We provide a Docker image for easier reproduction. Please install the following:

Our scripts require the user to have the docker group membership so that docker commands can be run without sudo. We only support Linux with NVIDIA GPUs. We test on Ubuntu 18.04 and V100 cards. We use mixed-precision training hence GPUs with Tensor Cores are recommended.

Getting Started

General

  1. Create a folder that stores pretrained models, all the data, and results.

    PATH_TO_STORAGE=/path/to/your/data/
    mkdir -p $PATH_TO_STORAGE/txt_db  # annotations
    mkdir -p $PATH_TO_STORAGE/vis_db  # image and video 
    mkdir -p $PATH_TO_STORAGE/finetune  # finetuning results
    mkdir -p $PATH_TO_STORAGE/pretrained  # pretrained models
  2. Download pretrained models.

    Our e2e pretrained ClipBERT model (849MB), can be downloaded with the following command.

    bash scripts/download_pretrained.sh $PATH_TO_STORAGE

    This pretrained model can be used for finetuning on video-text tasks and image-text tasks. For your convenience, this script will also download bert-base-uncased and grid-feat-vqa model weights, which are used as initialization for pretraining.

  3. Launch the Docker container for running the experiments.

    # docker image should be automatically pulled
    source launch_container.sh $PATH_TO_STORAGE/txt_db $PATH_TO_STORAGE/img_db \
        $PATH_TO_STORAGE/finetune $PATH_TO_STORAGE/pretrained

    The launch script respects $CUDA_VISIBLE_DEVICES environment variable. Note that the source code is mounted into the container under /clipbert instead of built into the image so that user modification will be reflected without re-building the image. (Data folders are mounted into the container separately for flexibility on folder structures.)

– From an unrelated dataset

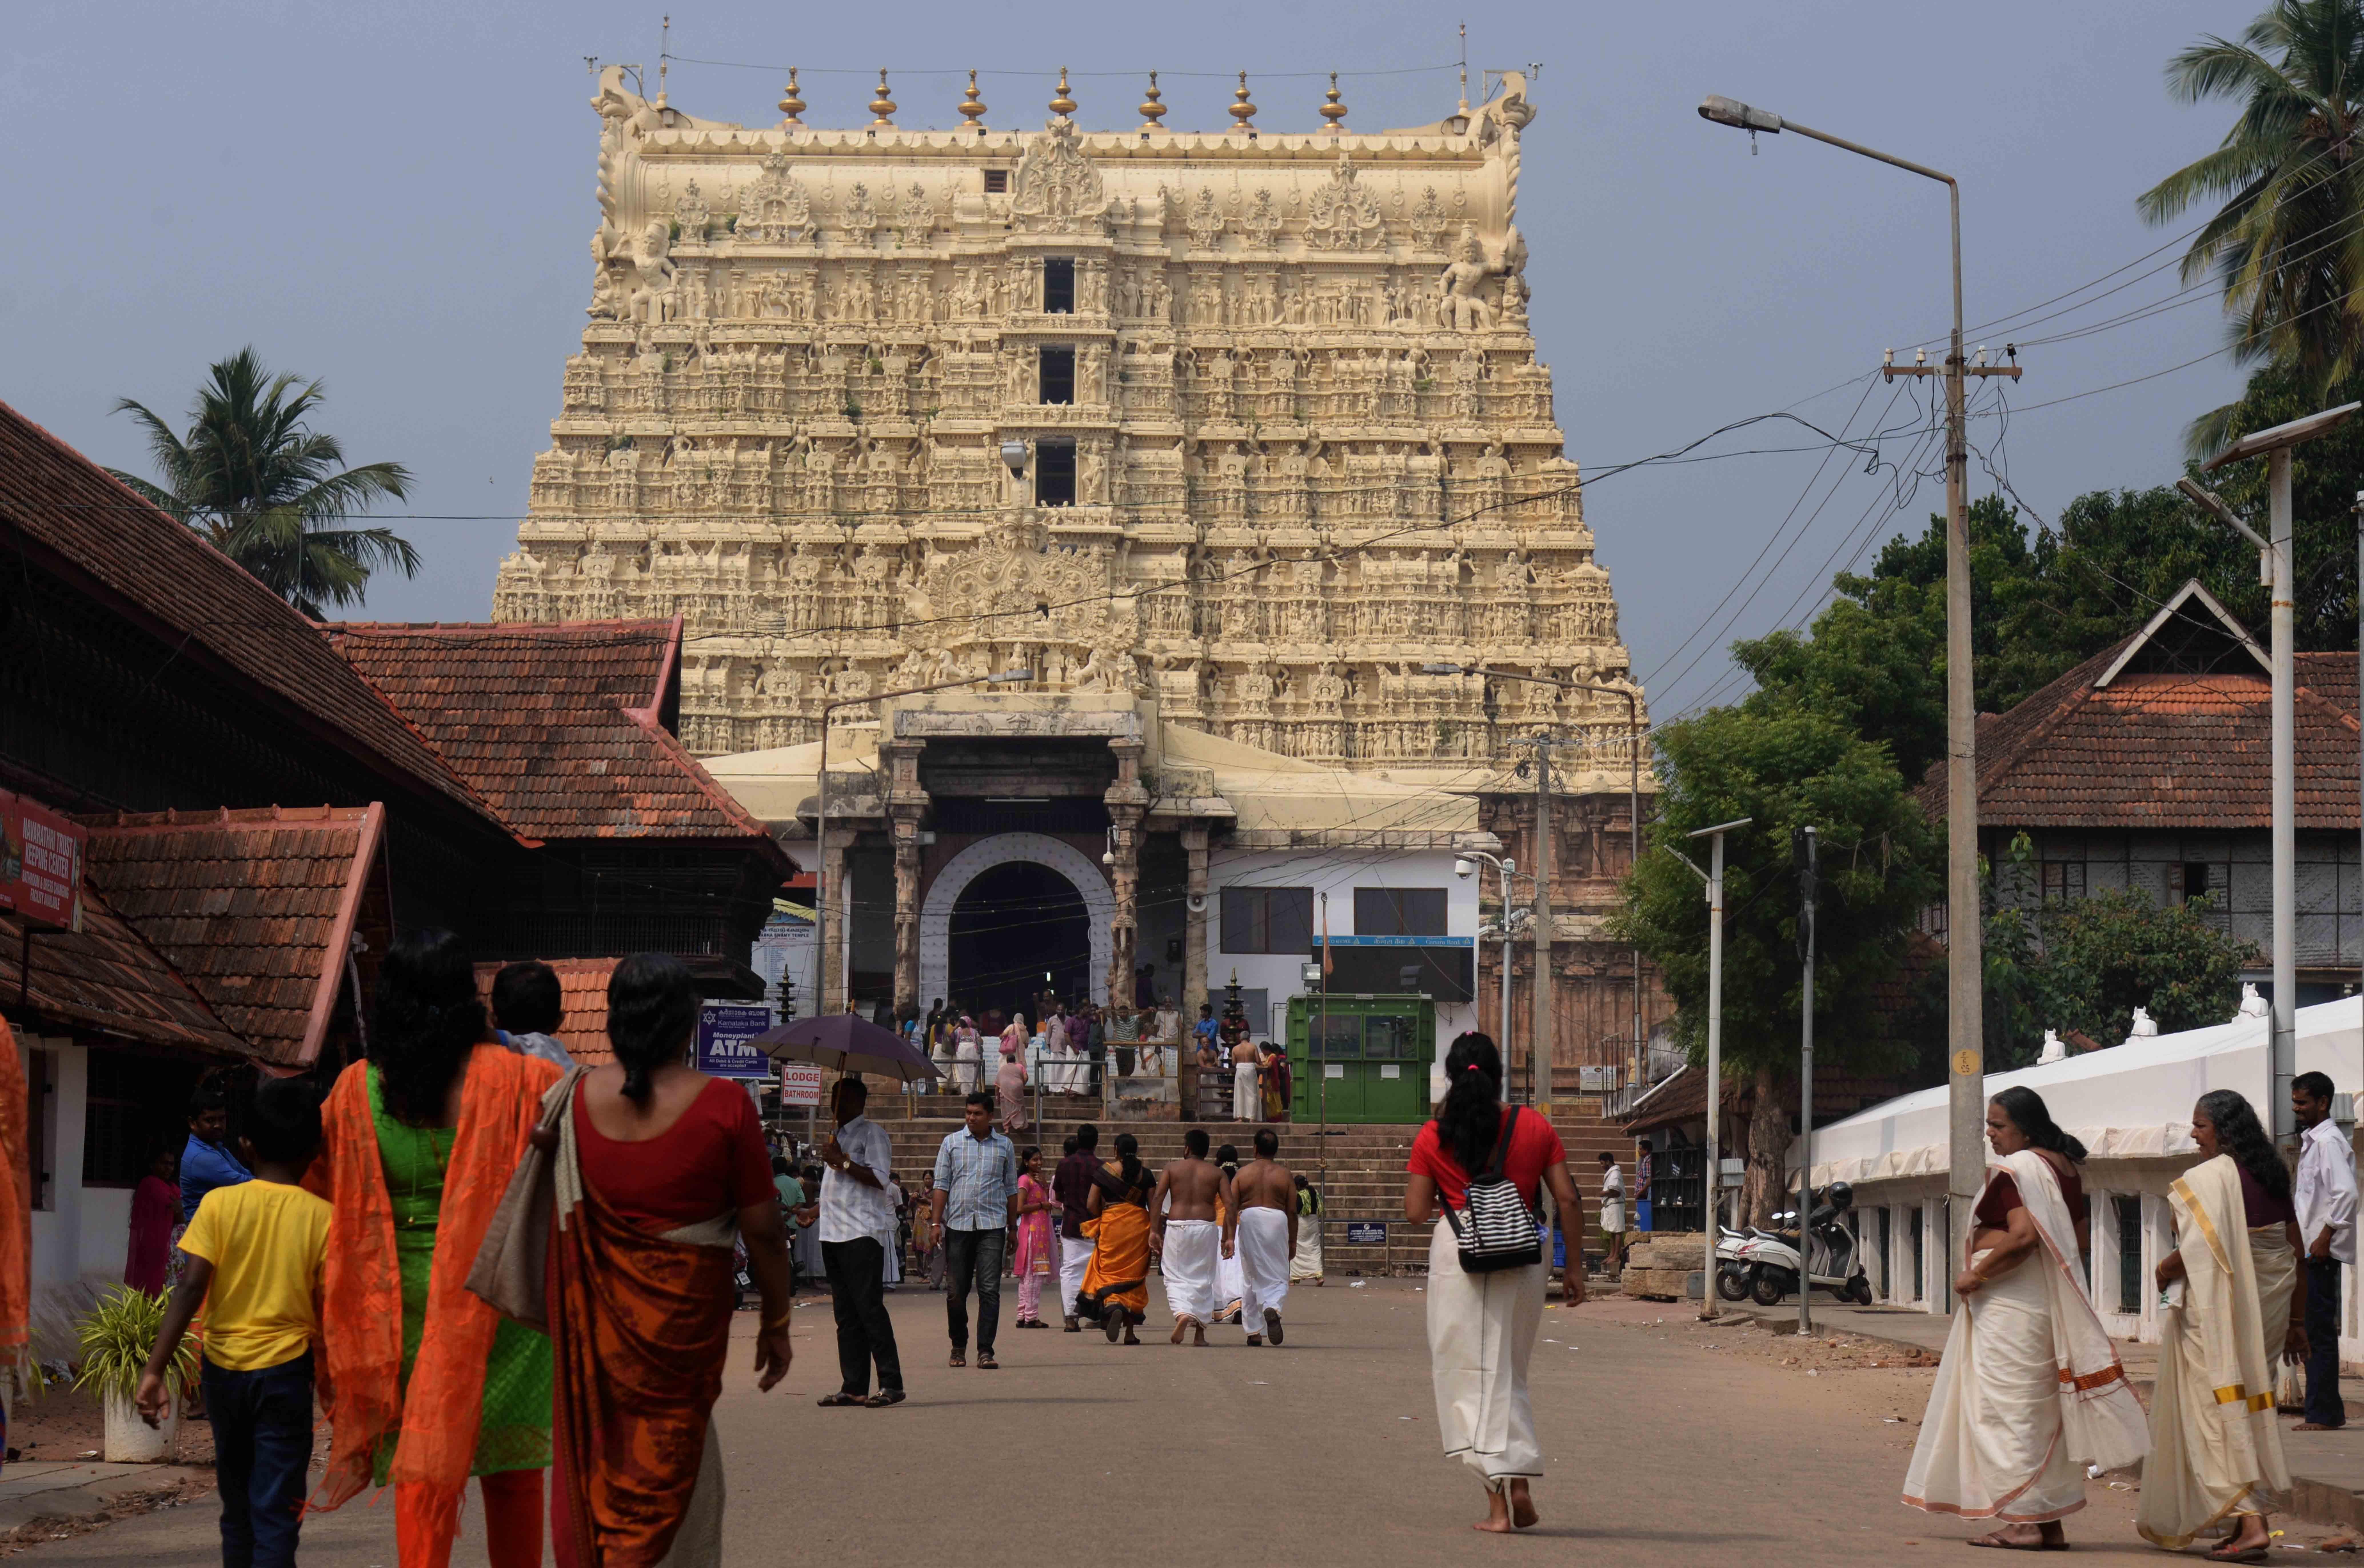 Sri vishnu temple in bangalore dating 4

Downstream Task Finetuning

Text-to-Video Retrieval

Tasks: MSRVTT retrieval, DiDeMo and ActivityNet Captions paragprah-to-video retrieval, MSRVTT MC Test.

  1. Download data.

    # outside the container  
    # download videos + annotations for $DSET
    bash scripts/download_$DSET.sh $PATH_TO_STORAGE

    $DSET can be one of msrvtt, didemo, anet.

  2. Finetuning.

    # inside the container
    horovodrun -np 4 python src/tasks/run_video_retrieval.py \
        --config $CONFIG_PATH \
        --output_dir $OUTPUT_DIR
    
    # for single GPU
    python src/tasks/run_video_retrieval.py \
        --config $CONFIG_PATH \
        --output_dir $OUTPUT_DIR

    $CONFIG_PATH should be set to one of the .json config files available at src/configs prefixed with _ret. For example, you can use src/configs/msrvtt_ret_base_resnet50.json for MSRVTT retrieval.

  3. Run inference.

    # inside the container
    horovodrun -np 4 python src/tasks/run_video_retrieval.py \
      --do_inference 1 --output_dir $OUTPUT_DIR \
      --inference_split val --inference_model_step $STEP \
      --inference_txt_db $TXT_DB \
      --inference_img_db $IMG_DB --inference_batch_size 64 \
      --inference_n_clips $INFERENCE_N_CLIPS

    $STEP is an integer, it tells the script to use the checkpoint $OUTPUT_DIR/ckpt/model_step_$STEP.pt for inference. $TXT_DB and $IMG_DB are path to annotation file and video data. You can use TXT_DB=/txt/downstream/msrvtt_retrieval/msrvtt_retrieval_val.jsonl and IMG_DB=/img/msrvtt for inference on MSRVTT retrieval val split. The results will be written under $OUTPUT_DIR. You can use different $INFERENCE_N_CLIPS for inference, such as 1 or 16. Using more clips will have a large impact on inference speed and memory usage. You may want to use smaller batch sizes if larger values are set.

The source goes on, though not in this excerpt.